We are talking around each other. Thank you for going through all that. I understand what you are saying about spherical coordinates and r => infinity as theta => 0, gives a cylinder now. However, my drawing represents a traveling wave propagating down a cylindrical hollow waveguide, that is terminated by either a plate, cone, frustum or coupler. This interpretation comes from what Zeng and Fan wrote;

"In recent years, hollow metallic waveguides with a conical taper have been investigated in view of their applicability as couplers."

They are talking about traveling waves in a waveguide, so I drew the diagram as such... In this application, the cylinder is terminated with a conical section called an "attenuator". The half-angle theta of that section goes from a cylinder at theta=0, just as you said above, to a flat plate at theta=pi/2. At any angle in between, you can truncate the cone with another cylindrical wave guide, plate, sphere, cone or whatever, which is what I attempted to show, that the end section could be "anything".

I hope we are on the same page now. :)

The smaller the angle, the greater the phase shift of the reflected wave relative to the standing waves. If the angle is large, the phase difference between a flat-ended cylinder and a truncated cone will be negligible, where a small angle will have a large phase difference between a flat-ended cylinder and a longer truncated cone.
Todd

OK, these conclusions apply  :) :

1) A cylinder is the limit for both cone angle going to zero and the spherical radii r1 and r2 going to Infinity.

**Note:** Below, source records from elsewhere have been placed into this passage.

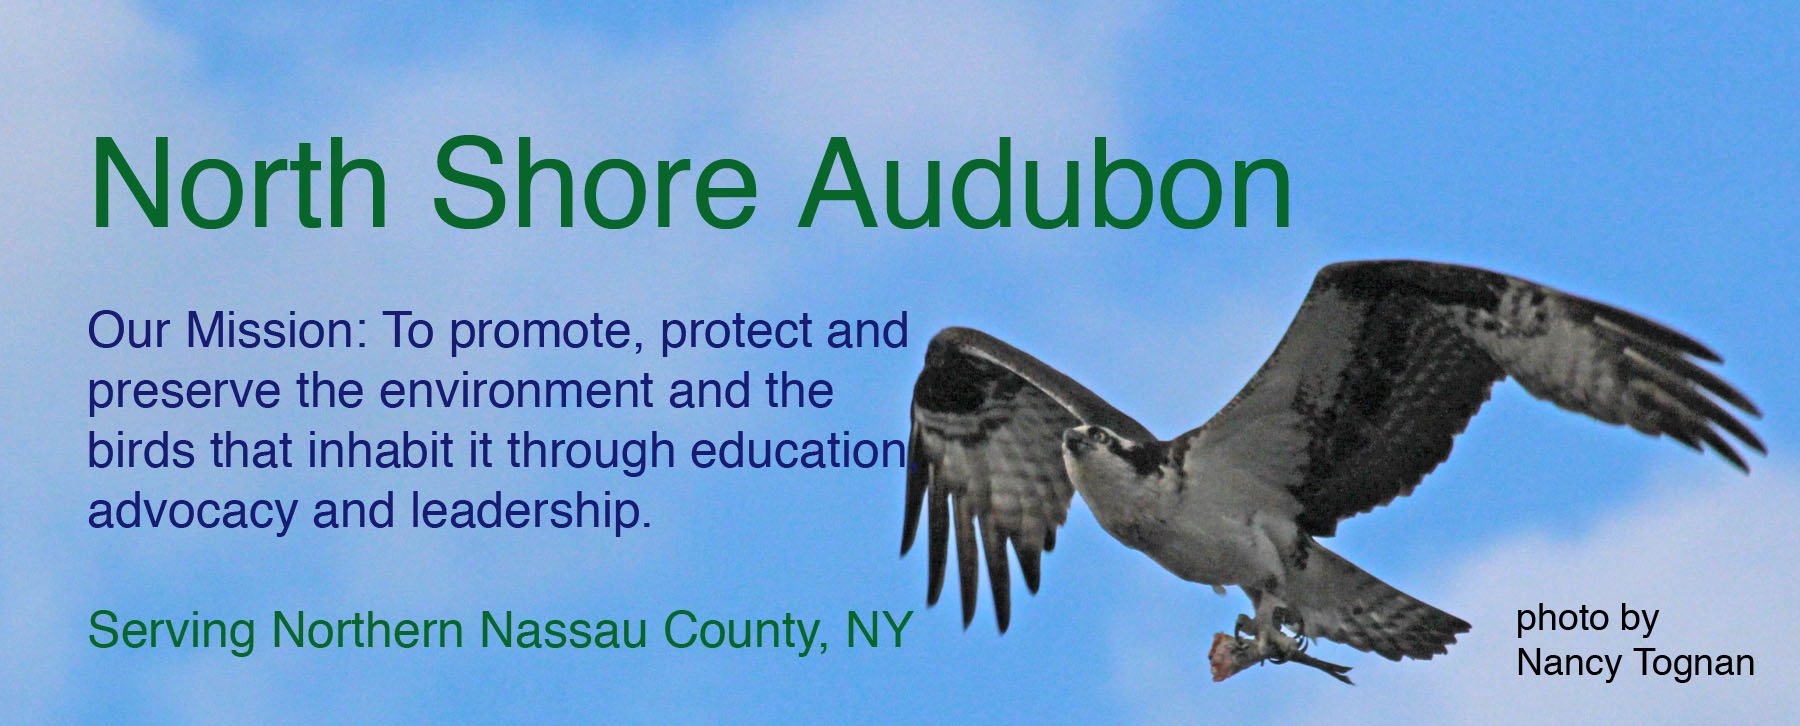 North Shore Audubon Society.jpg
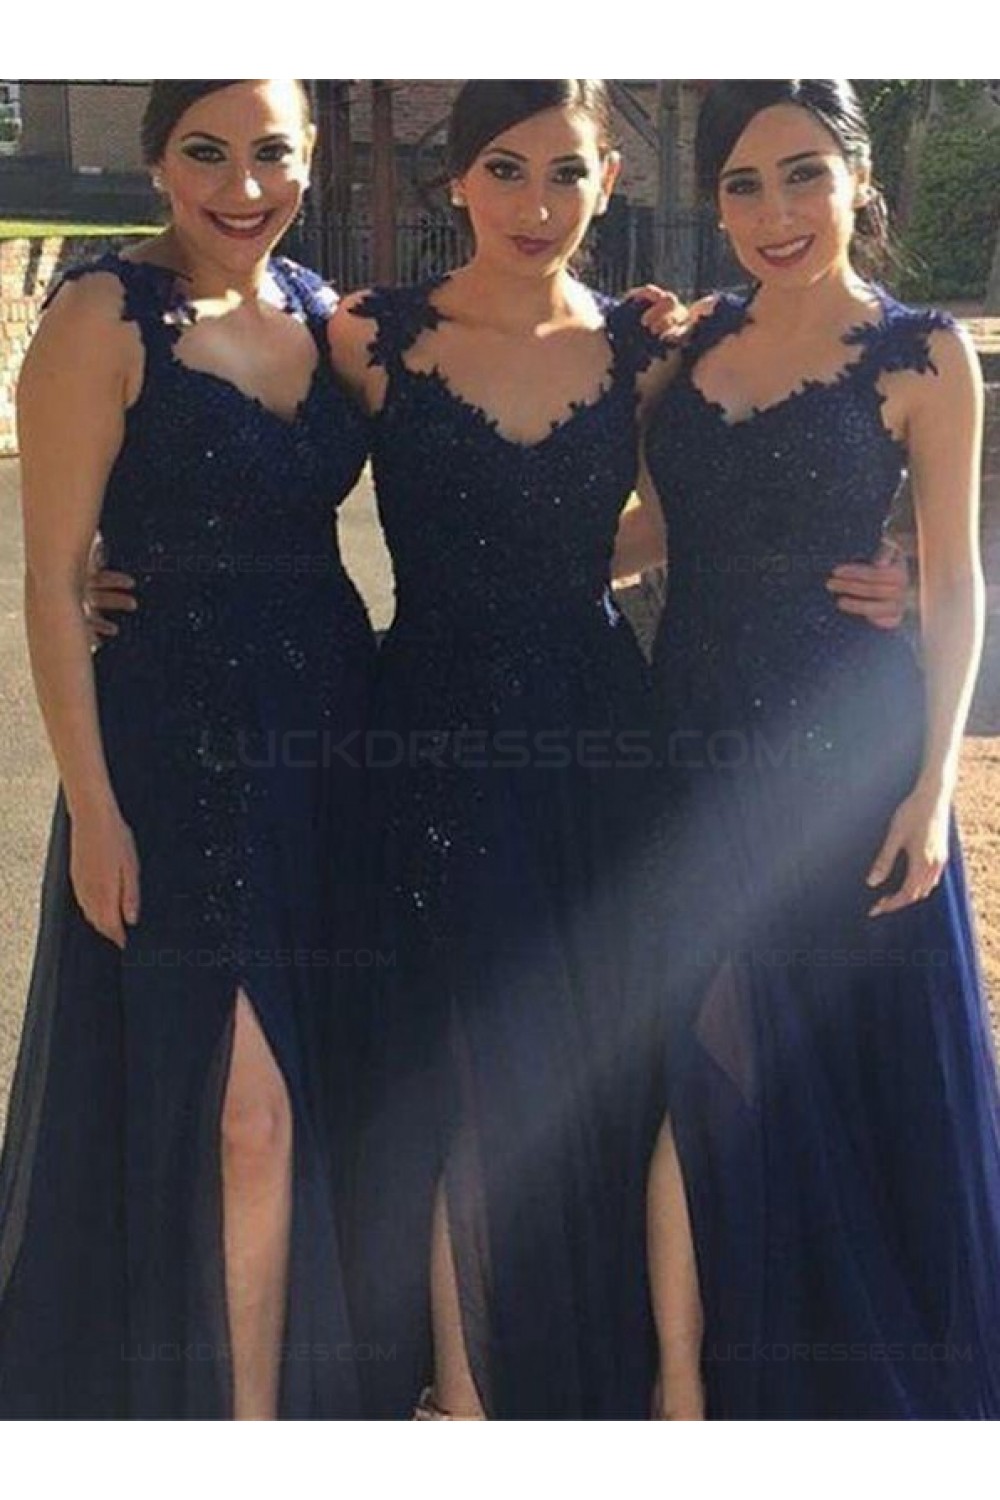 navy blue long bridesmaid dresses
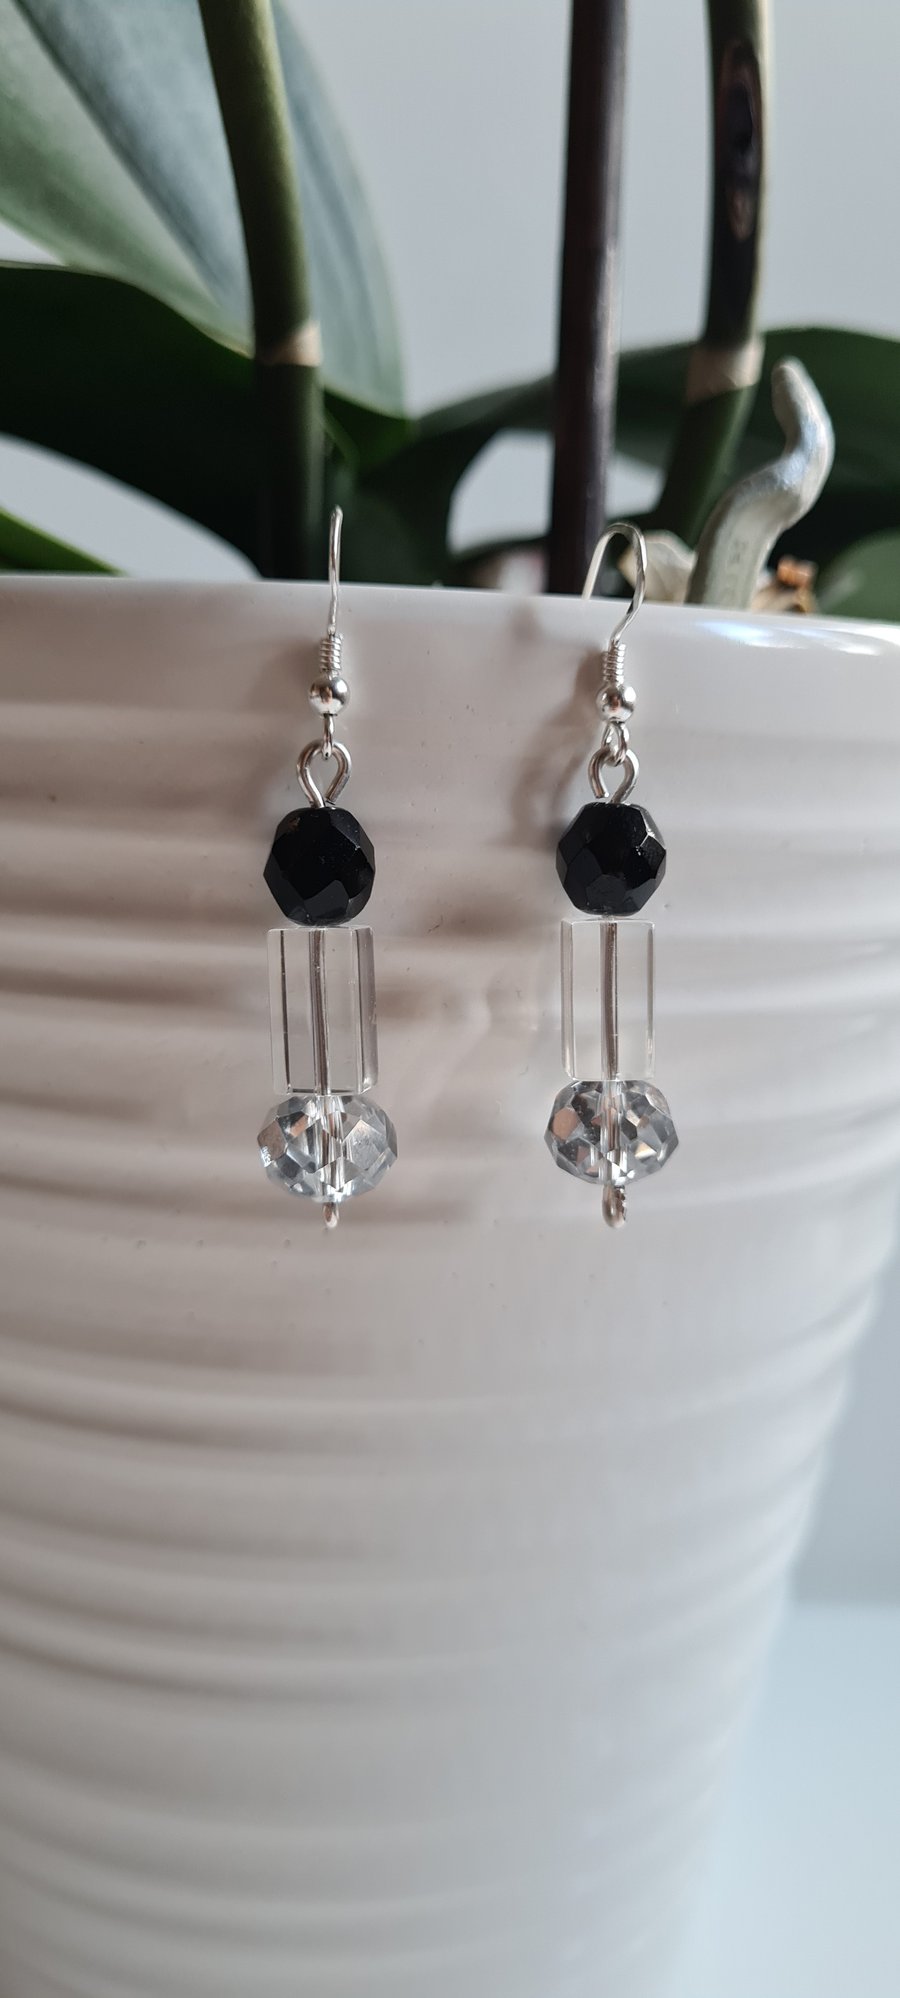 Handmade Elegant 925 Silver & Black Glass Dangle Earrings Gift Boxed Jewellery
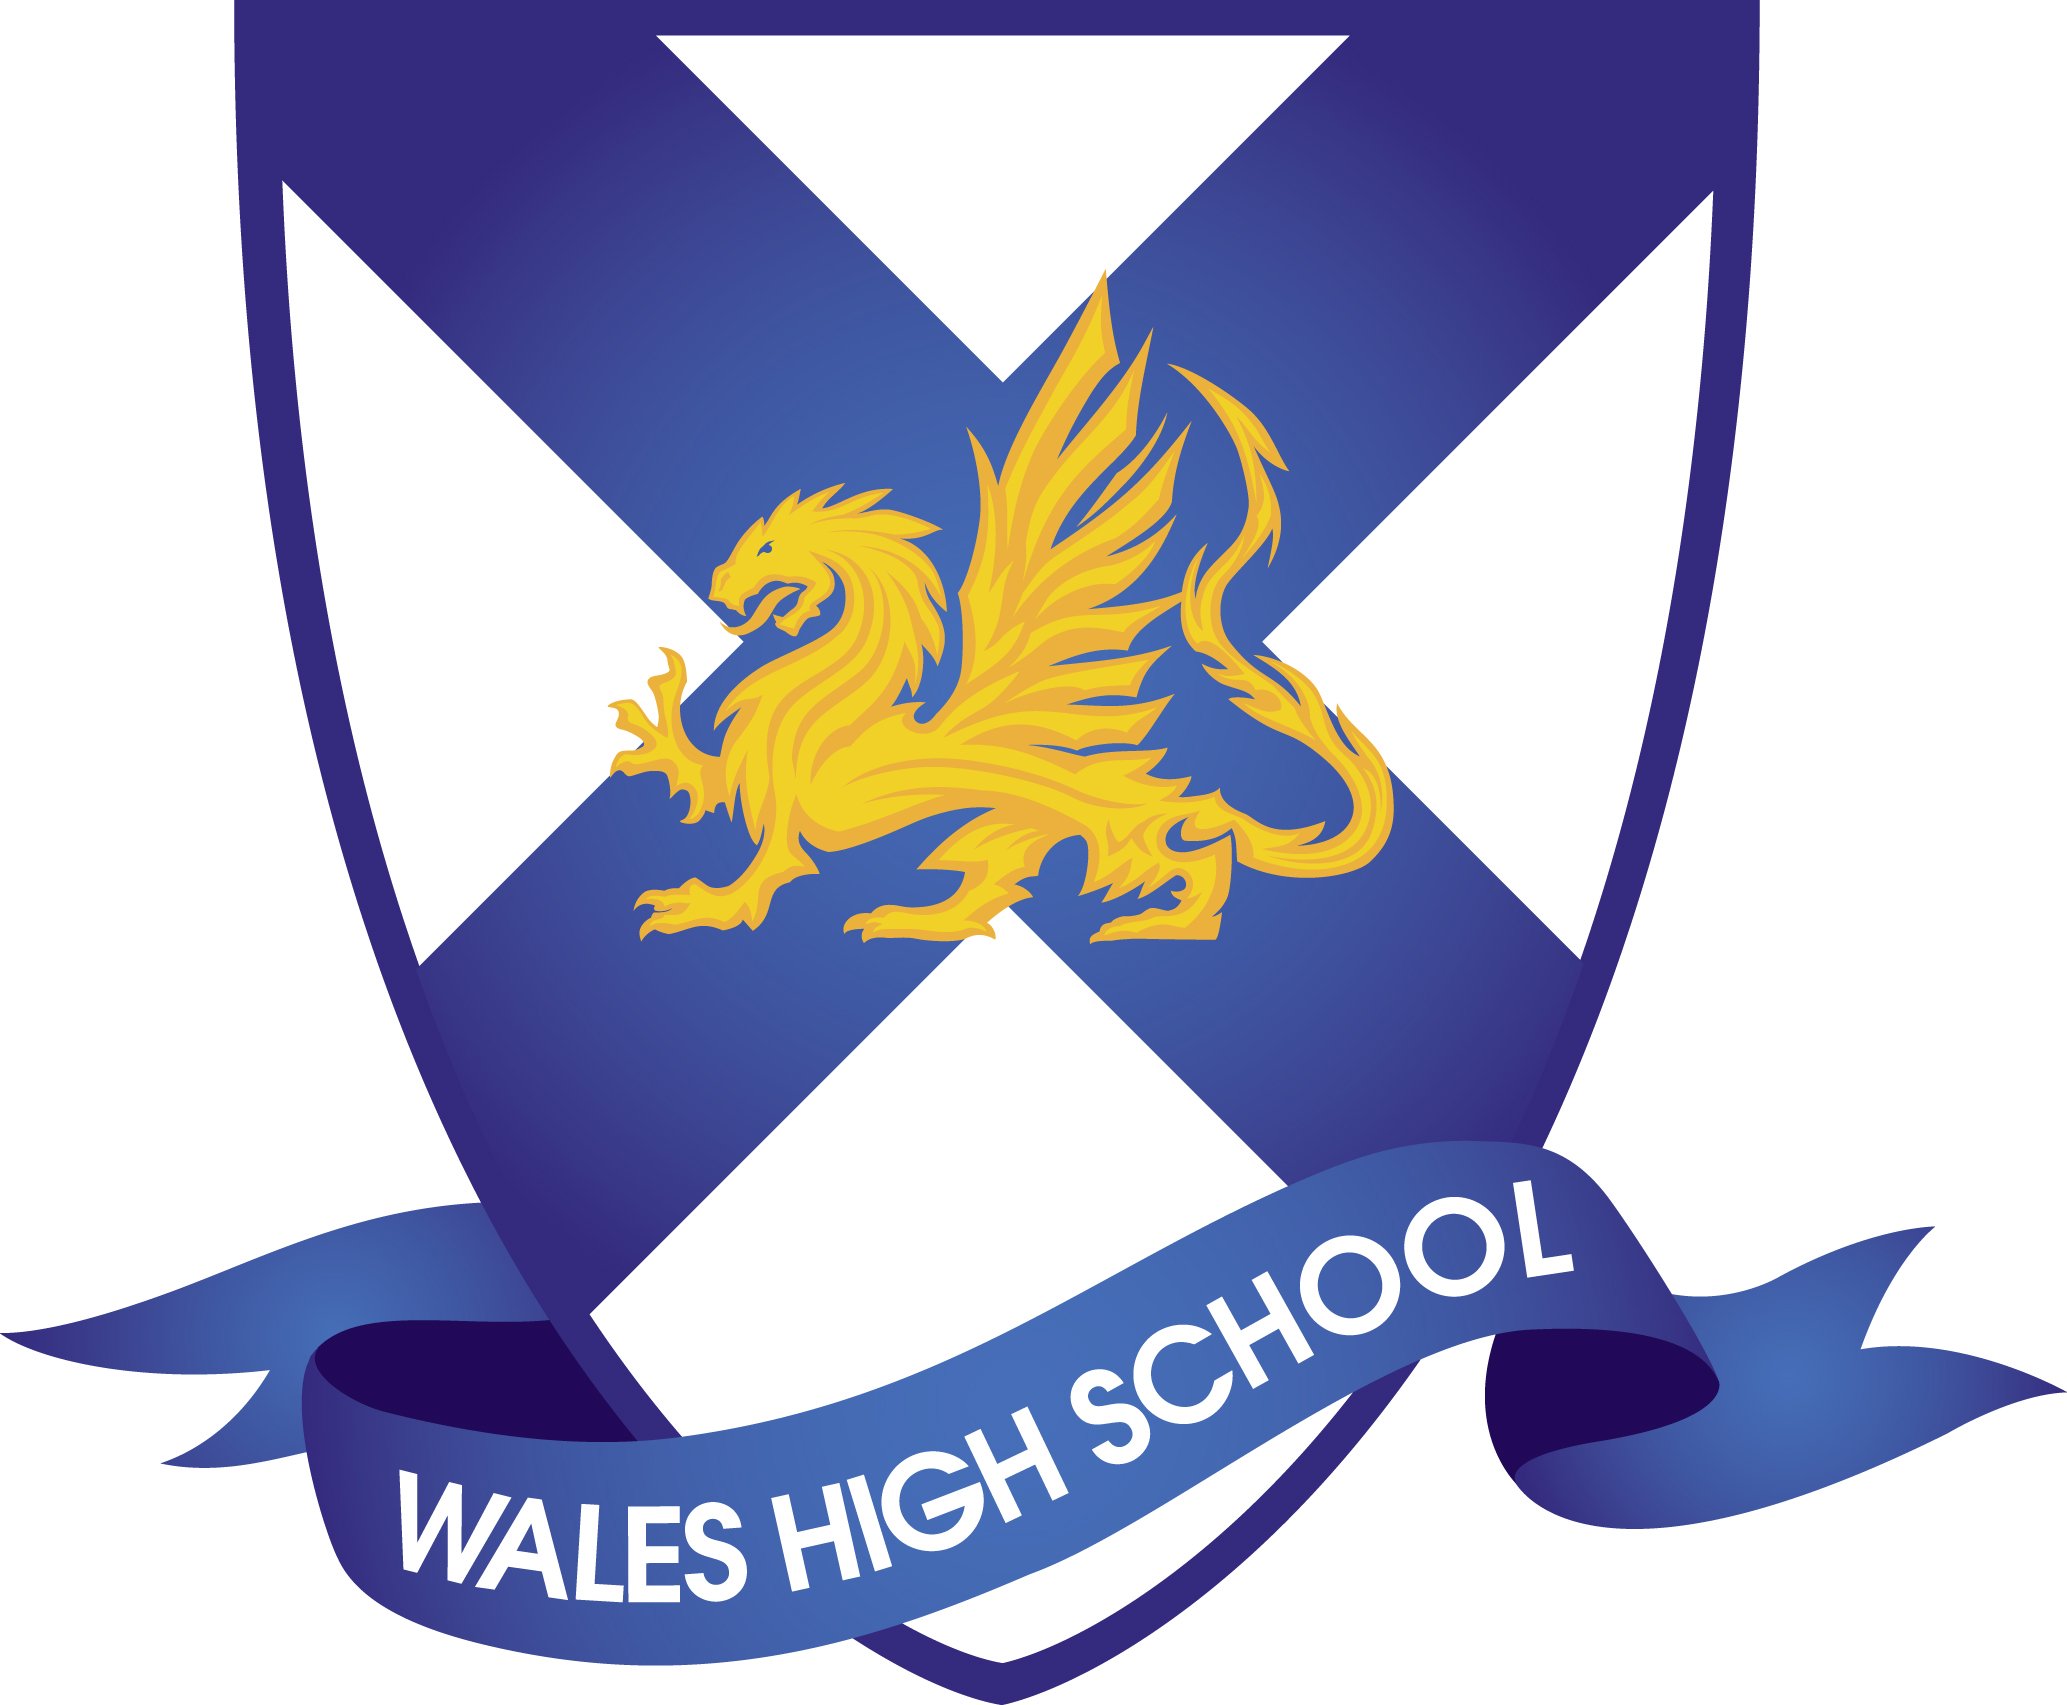 Wales High School.jpeg

2) The attenuation (at a location specified by a given cone angle θ and a given spherical radius r) is a function of both the cone angle and the spherical radius r as shown by Zeng and Fan.

3) For spherical radius going to Infinity (which means a cylinder) the attenuation goes to zero.

4) Maximum attenuation occurs for small cone angles and small r1

 :)

Practical example:

Description           r1(m)    r2(m)       Cone Half Angle (degrees)
Shawyer Demo     0.2260   0.4241   19.28
Yang                     0.6953   0.9367     6.159

Observe how Yang's geometry (closer to a cylinder) has the half angle 3 times smaller, and the spherical radius r1 about 3 times longer

Attachment: Zeng and Fan's figures showing that attenuation goes to zero for radius r (horizontal axis) going to Infinity (notice that the vertical and horizontal scales are both non-dimensionalized by the wavenumber k )

Vertical axis: attenuation divided by k
Horizontal axis:  spherical radius r multiplied by k

k = 2 Pi /wavelength = 2 Pi f / c

f= frequency (Hz)
c = speed of light

For large attenuation we want both small k * r and small cone half-angle θ 



« Last Edit: 06/13/2015 02:04 PM by Rodal »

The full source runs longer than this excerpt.